-- Data section follows --

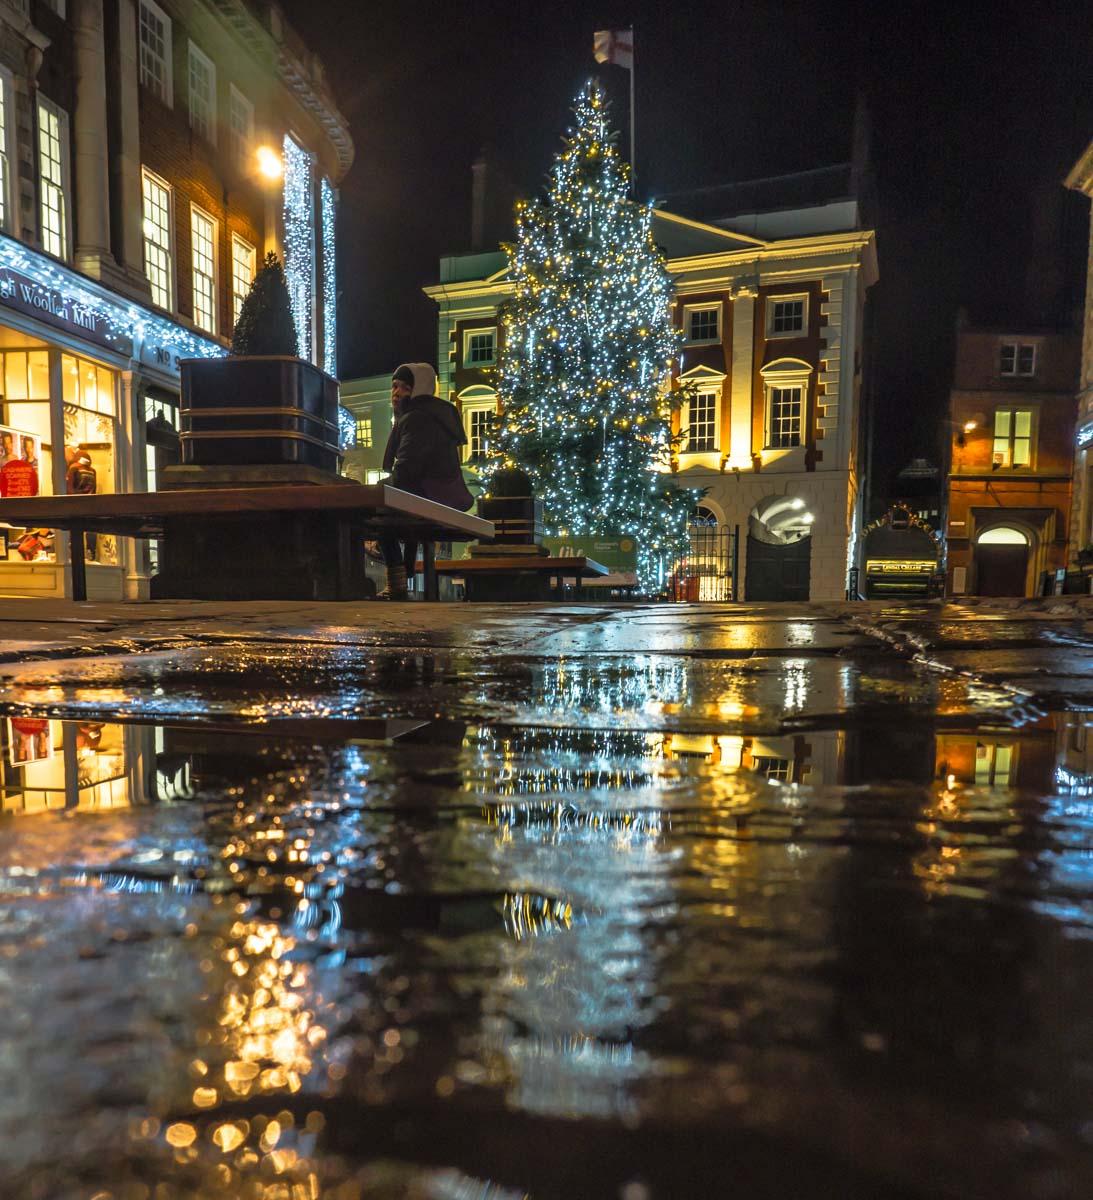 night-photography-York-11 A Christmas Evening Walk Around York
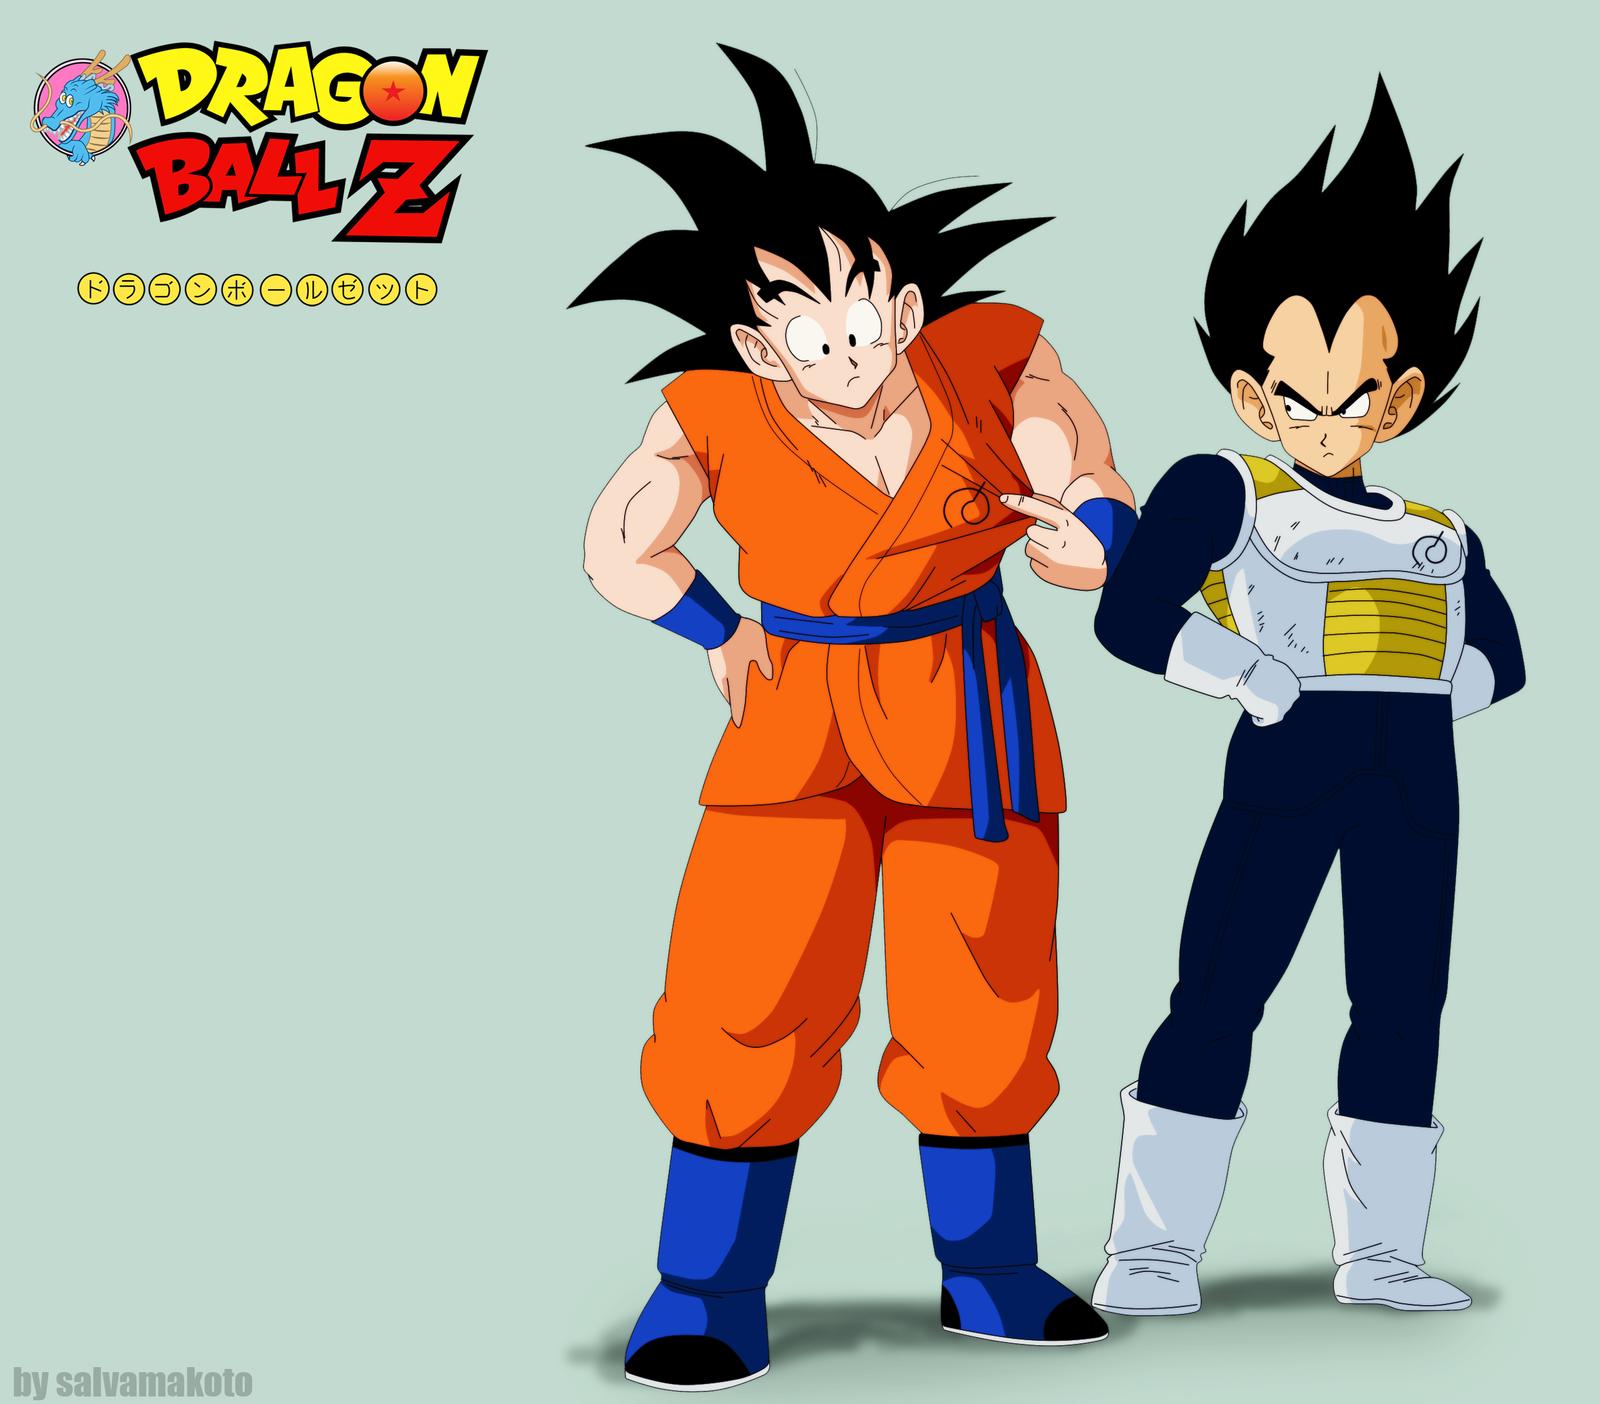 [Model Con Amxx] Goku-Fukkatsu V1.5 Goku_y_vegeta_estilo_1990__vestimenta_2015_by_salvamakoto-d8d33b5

-- Data section concluded --
-- Data section follows --

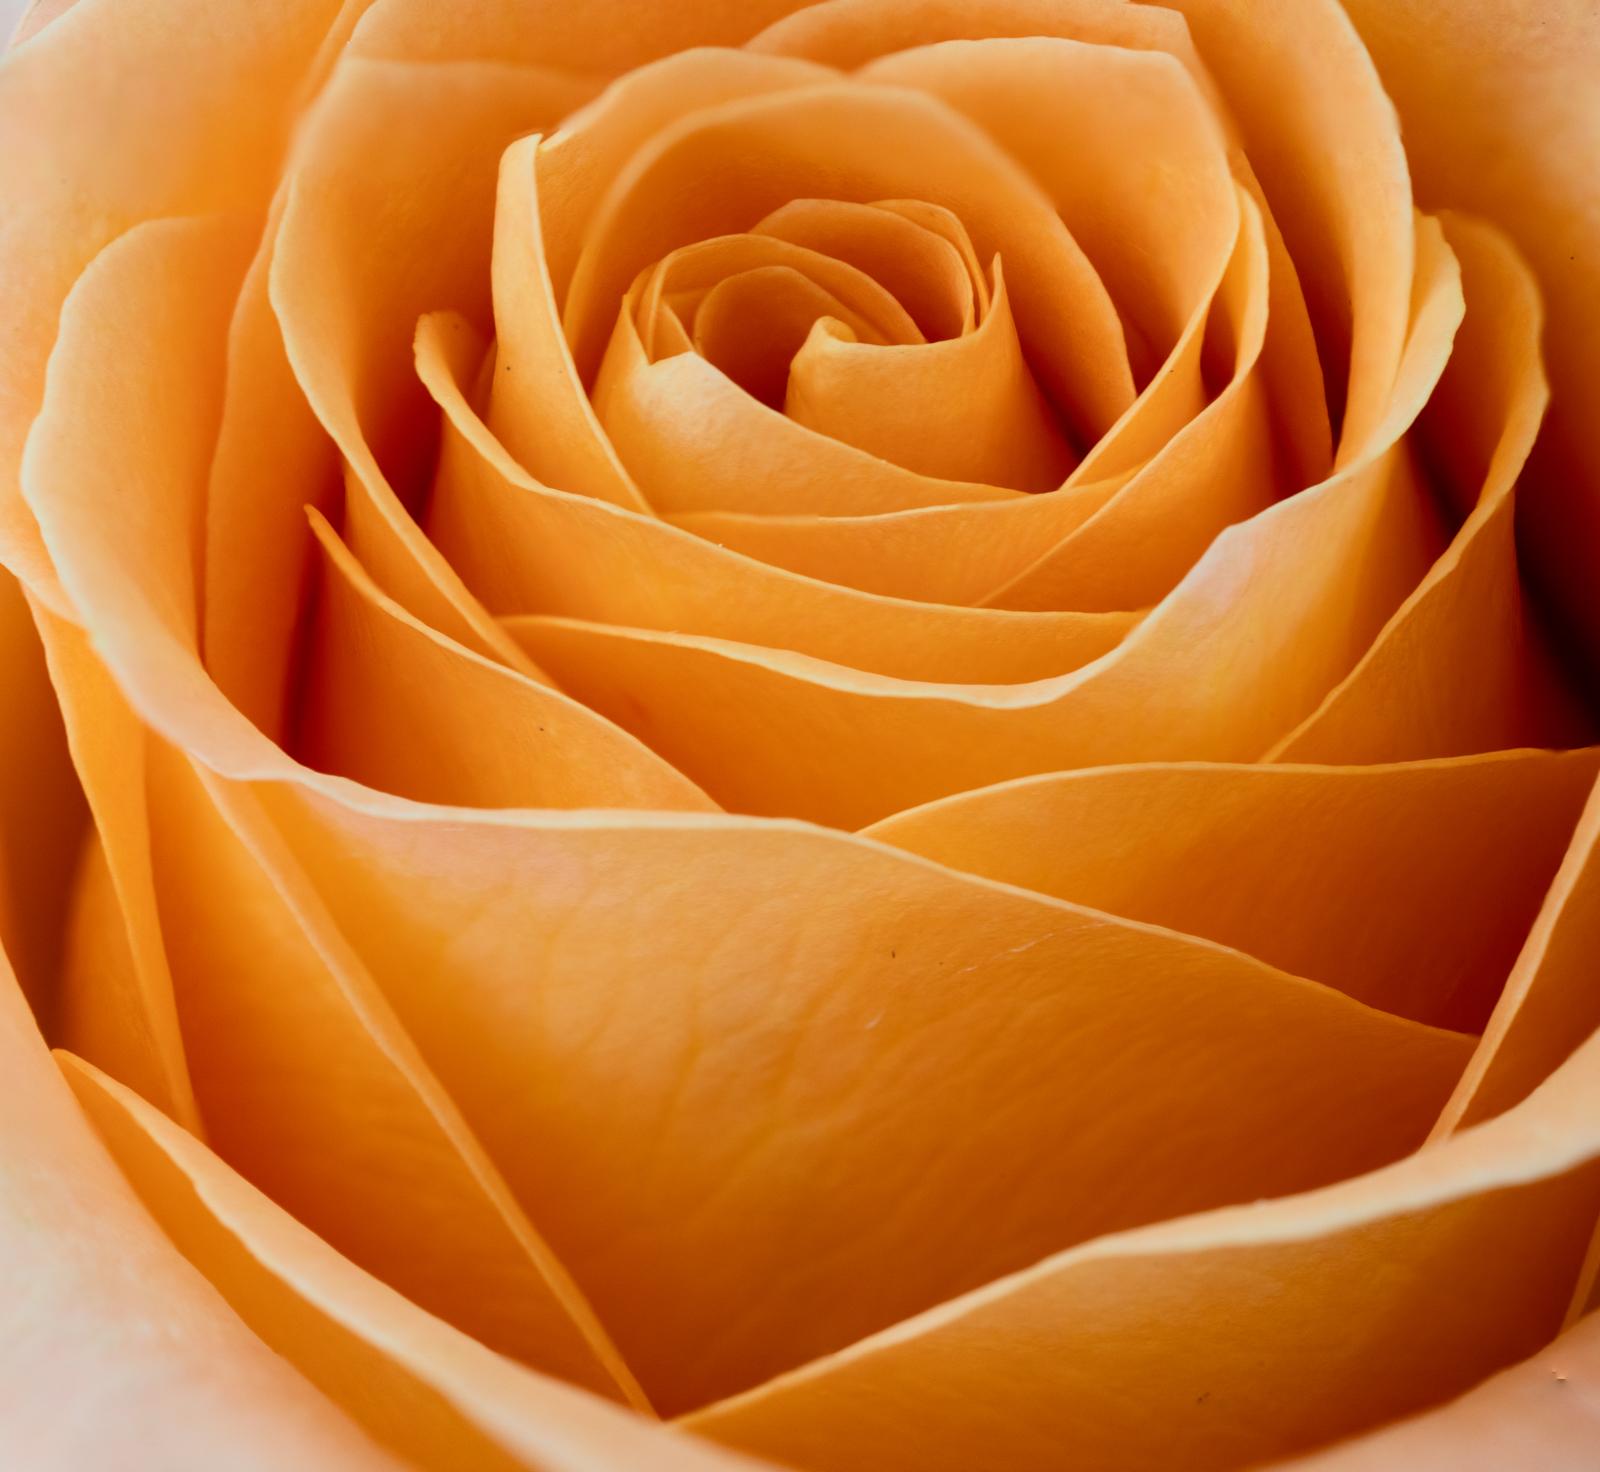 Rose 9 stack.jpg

-- Data section concluded --
-- Data section follows --

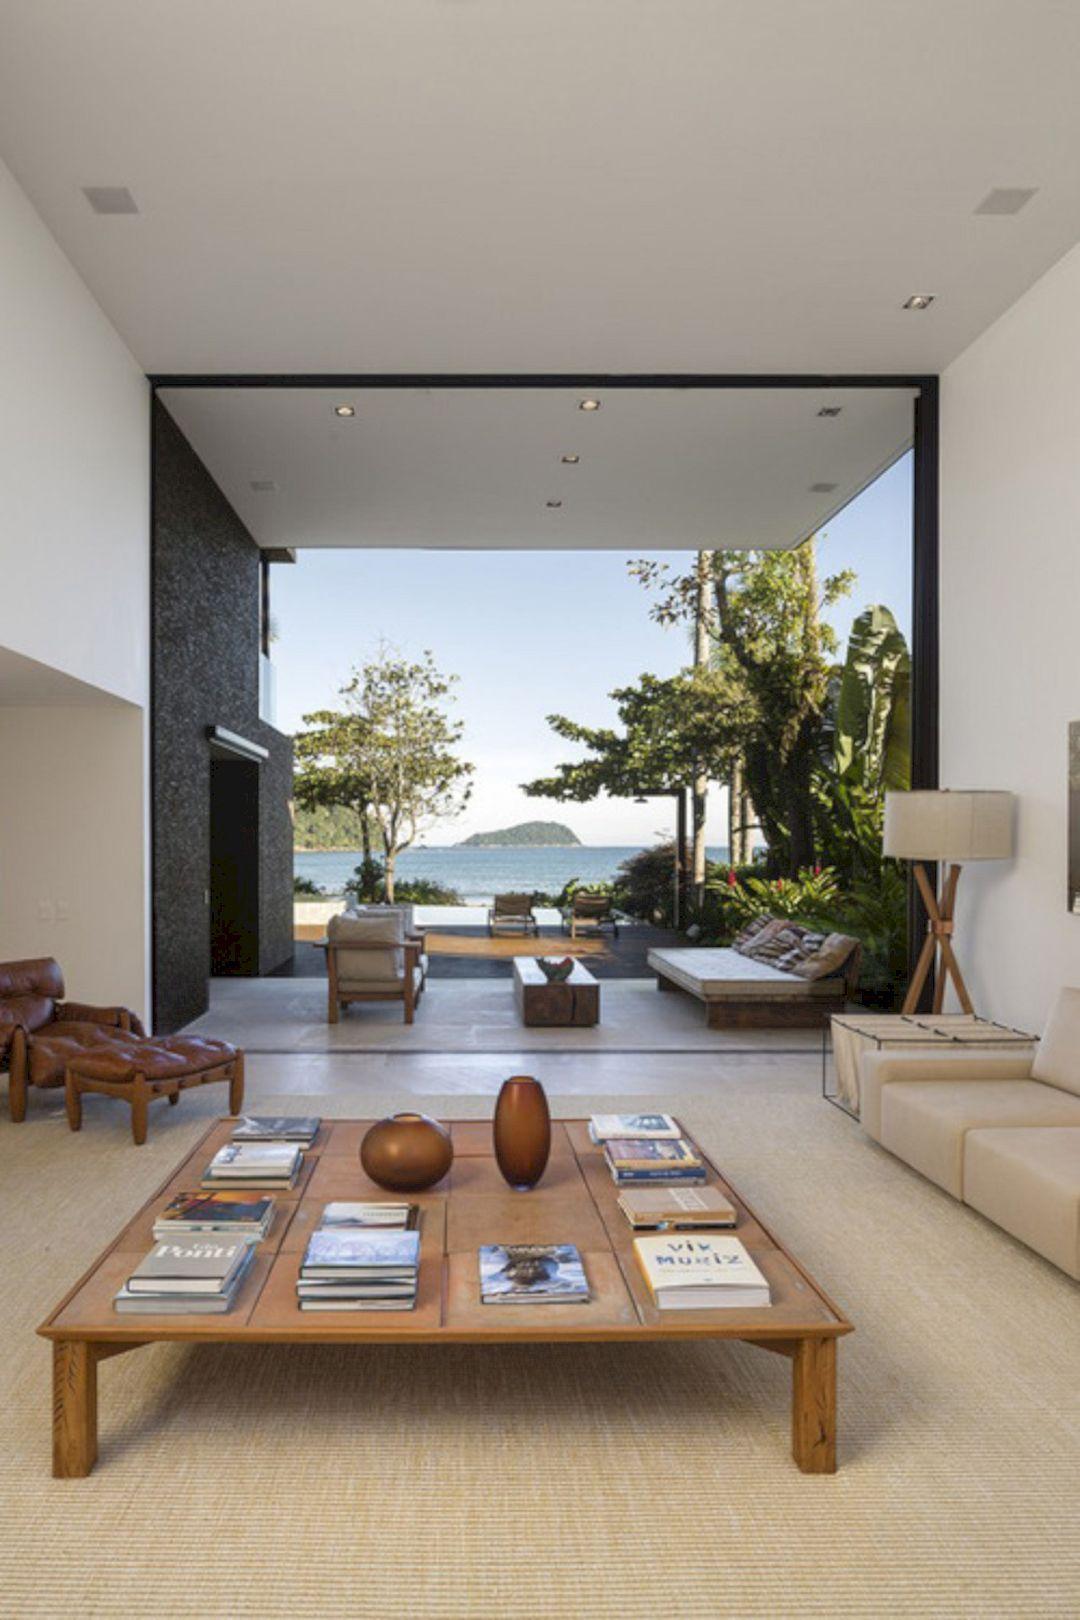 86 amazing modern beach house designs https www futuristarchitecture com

-- Data section concluded --

- Goal of the exercise
Using the records above, return verbatim only the part that opens with the line containing "night-photography-York-11 A Christmas" and closes with the line containing "[Model Con Amxx]"; pictures stay out.

- Response to this exercise
 night-photography-York-11 A Christmas Evening Walk Around York
 [Model Con Amxx] Goku-Fukkatsu V1.5 Goku_y_vegeta_estilo_1990__vestimenta_2015_by_salvamakoto-d8d33b5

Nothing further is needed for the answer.